Leaders in any organization are duty-bound to manage the hours people spend at work. But the expectation is that once an employee clocks out, you keep your hands off and your nose out of what they do. Free time is theirs to spend as they see fit.
However, it may be in your best interest to care about what your people are doing in their downtime and find a balanced way to intervene if necessary.
Valuing time
In a society that’s drawn along the lines of inequality, time keeps us equally in check. We all have to make do with the same 24 hours each day. We all get to spend exactly one lifetime making a living.
But inequality persists in this respect because not everyone uses their time in the same way.
Someone who inherits a fortune could conceivably make shrewd investments and continue to grow their wealth through passive income without ever holding an actual job. Successful entrepreneurs find a business model that generates revenue exponentially relative to the hours they invest.
The majority, though, follow a straightforward model of exchanging time for wages at a fixed rate.
This makes it easy to create a baseline for valuing one’s time. Your realized income, divided by the total hours spent on work and related activities such as commuting or dressing up, yields the value of each hour.
Once you know how much an hour of your time is worth, it can change your relationship with both time and money. But many people don’t actually flesh out the value of their time in this way. They end up spending it indiscriminately, just like their paychecks.
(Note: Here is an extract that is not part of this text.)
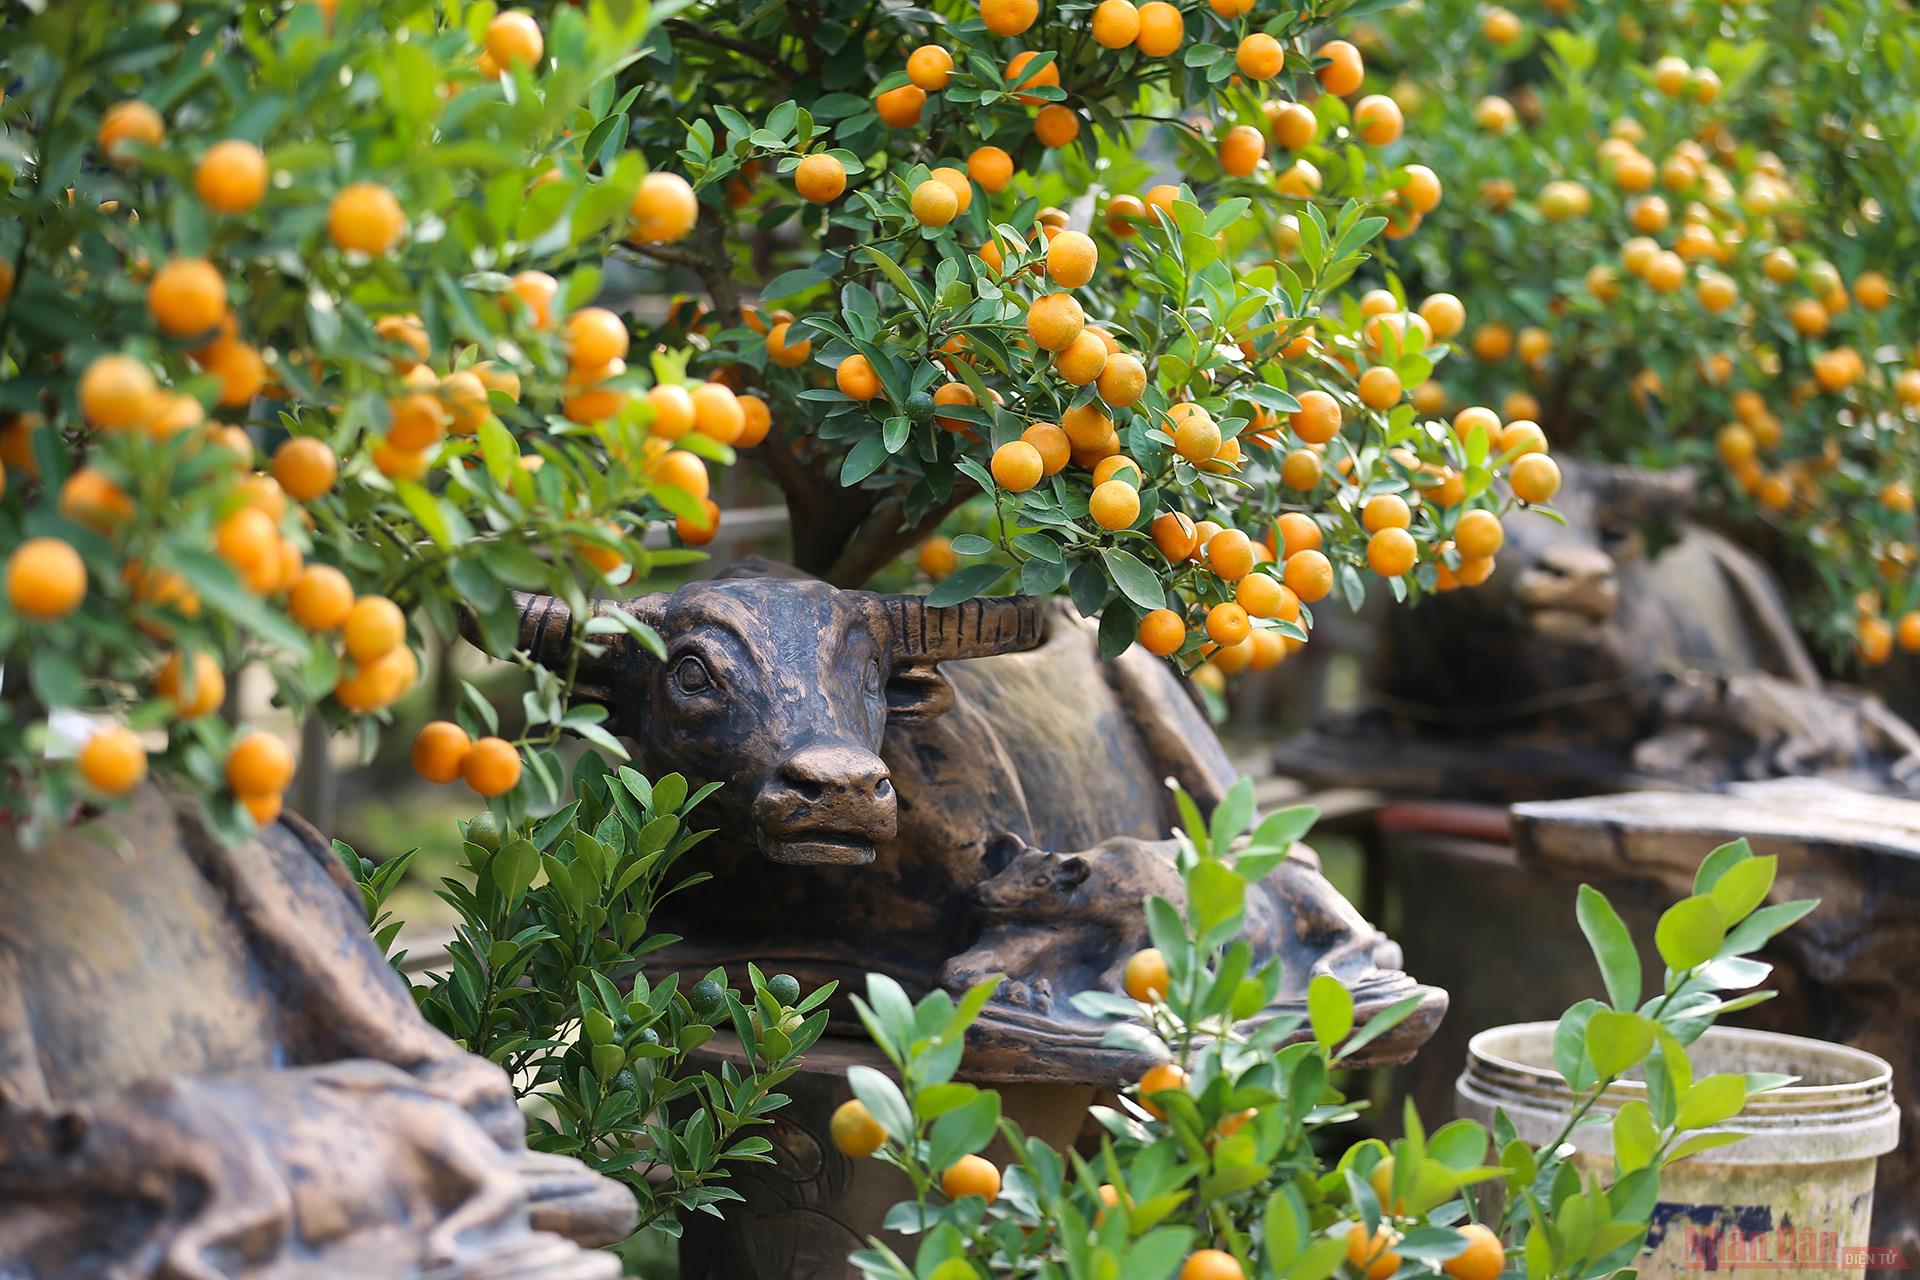  Năm nay là năm con trâu, nhiều nhà vườn đã bắt theo xu hướng tiến hành trồng quất bonsai trên lưng những con trâu bằng gốm phục vụ người dân chơi Tết.

What you do with your free time matters. Some of it must go to essentials like exercise, spending time with family, and getting adequate rest. Other high-impact activities might include reading to learn new skills, listening to industry expert podcasts, or mastering a hobby by taking lessons from a piano instructor, for instance.
Deciding to advise or intervene
Time, like money, can be invested in positive efforts like these. Smart use of spare time can reap the rewards down the line, either through job-related improvement or increased quality of living and well-being.
The problem is that many people don’t actually spend their free time all that effectively.
Individual social media usage, for example, accounts for an average of 145 minutes as of 2019-20, and those numbers are only tracking up. That’s over 2 hours per day spent doing something hard to justify in terms of ROI.
Similar time sinks can be found in binge-watching or playing video games, for example. Sure, such media consumption can sometimes be educational, but that’s uncommon. And even then, you’d be better off reading an informative book or playing physical sports.
Awareness of maximizing our personal time tends to increase with maturity, experience, and career progress. Those who are higher up in an organization’s hierarchy tend to be more effective people in general, which doesn’t happen by accident.
Leaders, in short, know better. They can advise their employees on the best way to spend time or even intervene directly. Such actions can make employees better in the long term.
But taking that step could be construed as crossing a professional line. Should you stay out of their business altogether?
Better leadership, better employees
Maintaining boundaries between employer and employee is a sensitive issue. If you want to play it safe, your HR team will offer hard and fast rules you can adhere to.
But the truth is, every organization wants engaged employees. That means people don’t simply show up for work and log out at the end of their shifts.
One way or another, leaders are expected to get people to give more. Their discretionary effort is what drives success.
And if you’re in the business of influencing people to go above and beyond on behalf of the company, why not apply that influence to improve their use of time?
A leader’s job is to navigate relationships with their people. We don’t treat them like machines. We hone our interpersonal skills and get to know them individually through effective communication. We coach and coax them to do better at work.
It’s a small step from there to getting them to do better in their personal time as well.
Learn to use tact, discretion, and sound judgment before giving advice, even if you sincerely believe it’s for someone’s improvement. Probe without prying to find out how people are spending their time.
Above all, master the art of nudging behavior at work, and change the workplace environment to emphasize authentic relationships instead of sheer productivity.